Governments are pouring huge amounts of money into research on the feasibility of creating scalable — and, hopefully affordable — quantum computers, the invitation-only conference for researchers and companies was told. The U.S. and the European Union have each committed over $1 billion; China has committed $10 billion.
Quantum computers open the possibility of processing data and algorithms at a hugely faster rate than current supercomputers, with opportunities for applications from artificial intelligence to finding fast routes to deliver packages.
However, quantum computers will also be able to break asymmetrical public key encryption schemes like RSA used by many organizations to secure messages and transactions.
The question is, how soon? While a number of companies like IBM, Google and Intel have small quantum computers, it isn’t clear how soon a machine able to crack RSA 2048 encryption will be working.
Mashatan noted one Canadian expert, Michele Mosca of Waterloo University, thinks there’s is a one in seven chance a quantum computer will break RSA 2048 encryption by 2026, and there’s a 50-50 chance it will be done by 2032.
Others experts say it could be more like decades before that can be done — unless there is a break-through.
Still, already researchers suspect some countries are collecting and storing encrypted data for the time in the not too distant future when it can be cracked. That in part is why experts say organizations need to start preparing now.
Which is also why the U.S. National Institute for Standards and Technology (NIST) has embarked on a competition to approve standards for quantum-resistant encryption. It is scheduled to release a standard or standards in 2024.
New solution
The conference was sponsored by NXM Labs, headquartered in San Francisco but with research facilities in Toronto, which makes solutions allowing connected devices to automatically manage their own security.
NXM also announced its quantum-resistant Quake framework (short for quantum augmented key encapsulation) for computers and IoT devices. Quake is a software/firmware solution designed to be easily installed by system administrators and integrators and doesn’t require changes to existing security protocols or enterprise processes, the company said.

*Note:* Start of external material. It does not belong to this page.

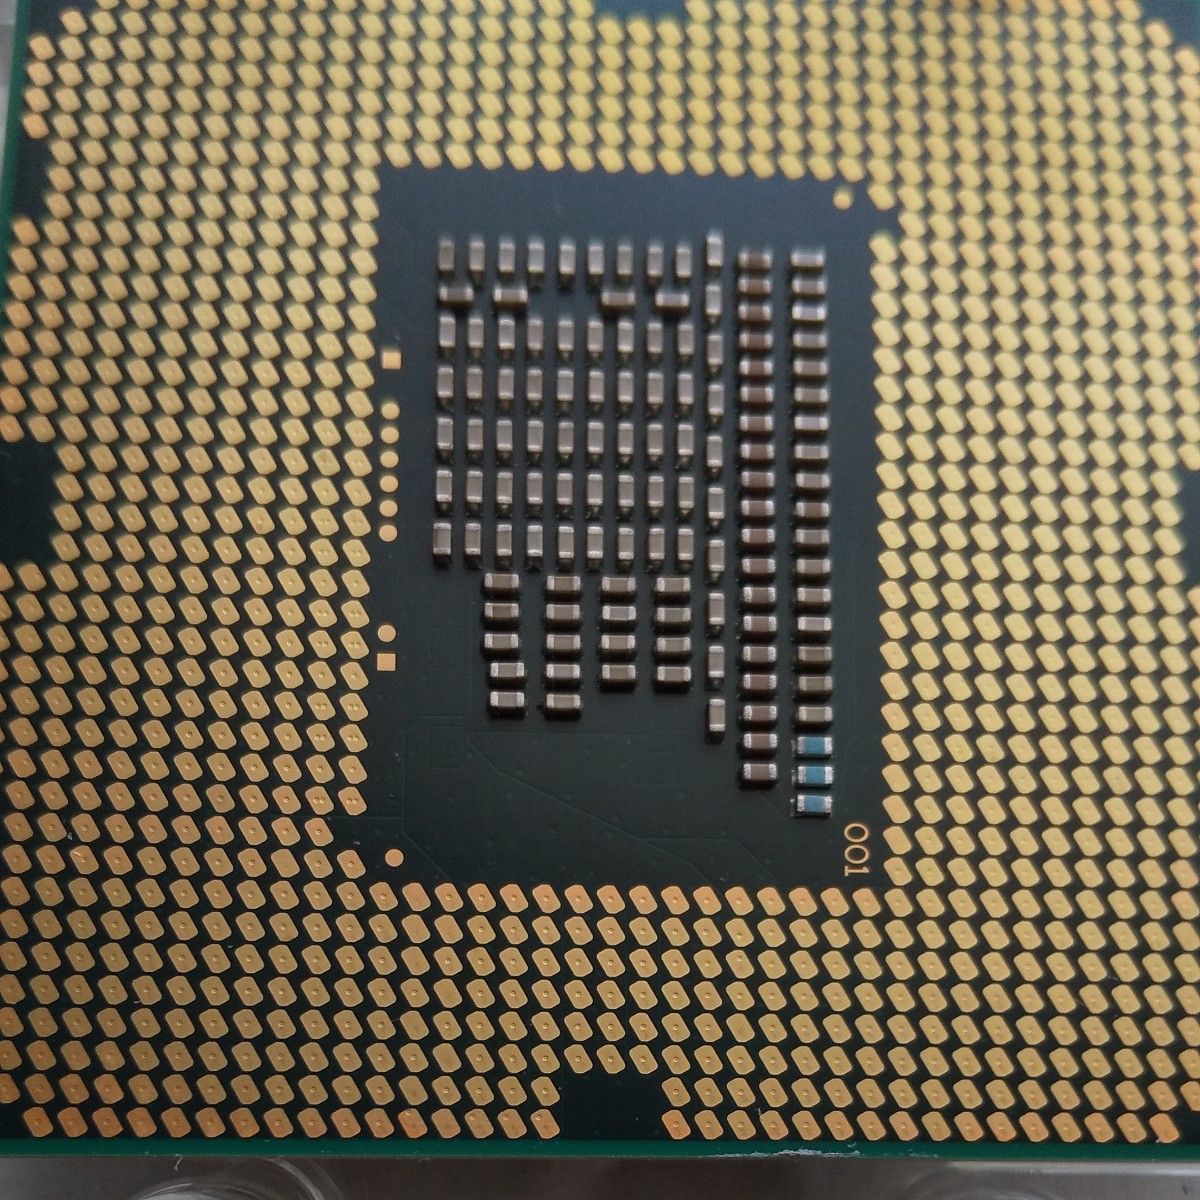 Intel Core i3 -2120

In an interview company CEO Scott Rankine said the first commercial implementation will be in connected vehicles later this year in partnership with telecom carrier Sprint. Later it may be seen in connected home devices. Pricing is still being finalized.
“It’s a framework that not only makes communications quantum safe, but it can also scale across millions of devices,” he said. “It’s a way to add quantum safe technology to our already secure platform.”

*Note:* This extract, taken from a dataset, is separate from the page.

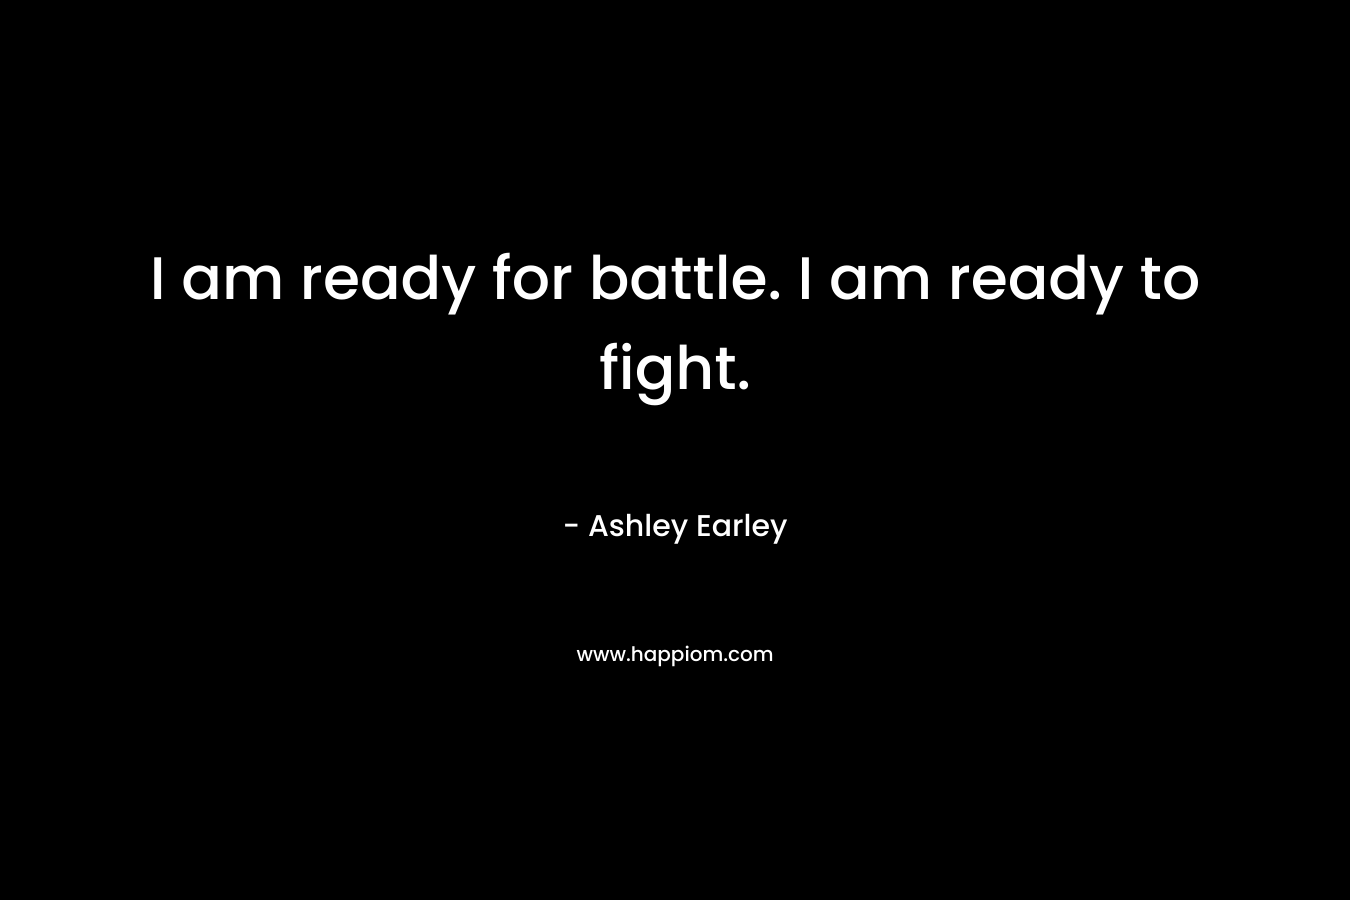 I am ready for battle. I am ready to fight. – Ashley Earley

Quake can be integrated with any existing security framework of a processor chip, he said. In essence, it would be a firmware or software update to a network extending security to the perimeter. Even if one device with Quake is hacked, he said, the attacker can’t access others.
Among those at the conference was Terry John Myers, manager of quantum computing at Deloitte Digital Canada. His team works with clients to understand quantum computing and how it might apply to their organizations, as well as and how to build roadmaps to meet the security challenge.

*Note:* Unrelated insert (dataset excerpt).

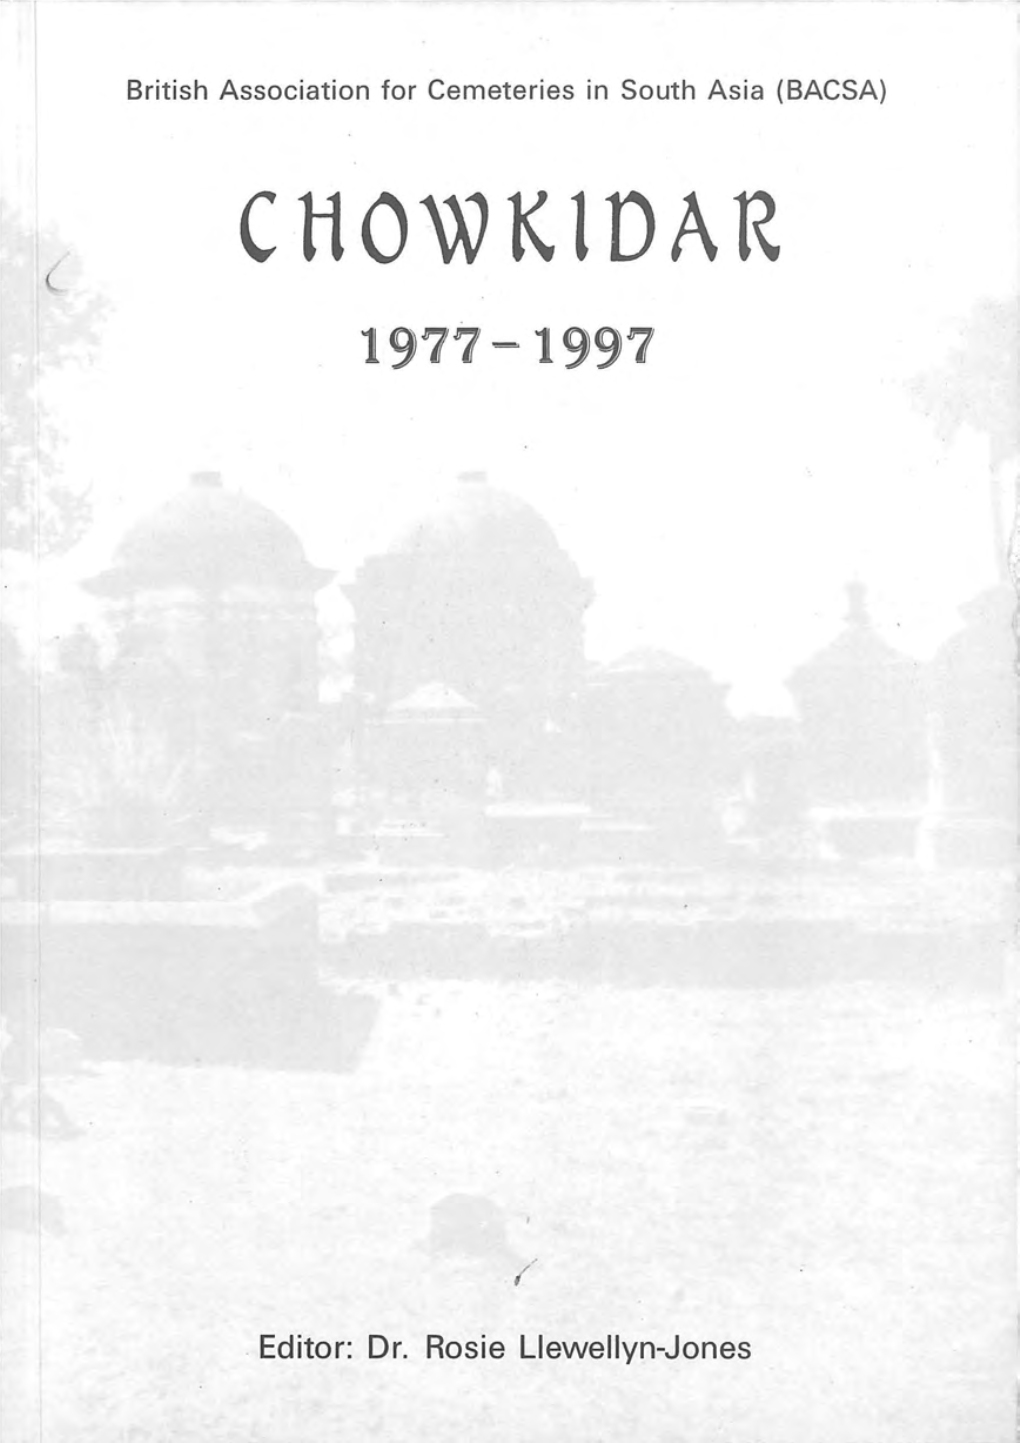 Chowkidar 1977 1997.Pdf

“Globally organizations aren’t taking the threat seriously enough,” he said. Admittedly, there’s more awareness in Canada than in some parts of the world in part because it’s a leader in artificial intelligence, and AI is a good use case for quantum computing.
But, he added, as with any new technology the private sector here will wait “until they see it knocking at the door, or in this case breaking the door down, lighting the house on fire and walking away.” In the meantime they’re thinking ,’This is an interesting thing’.”
However, he warned Canadian organizations to move faster. “You’re going to a gun fight with a knife. When this stuff happens there’s going to be an arms race.”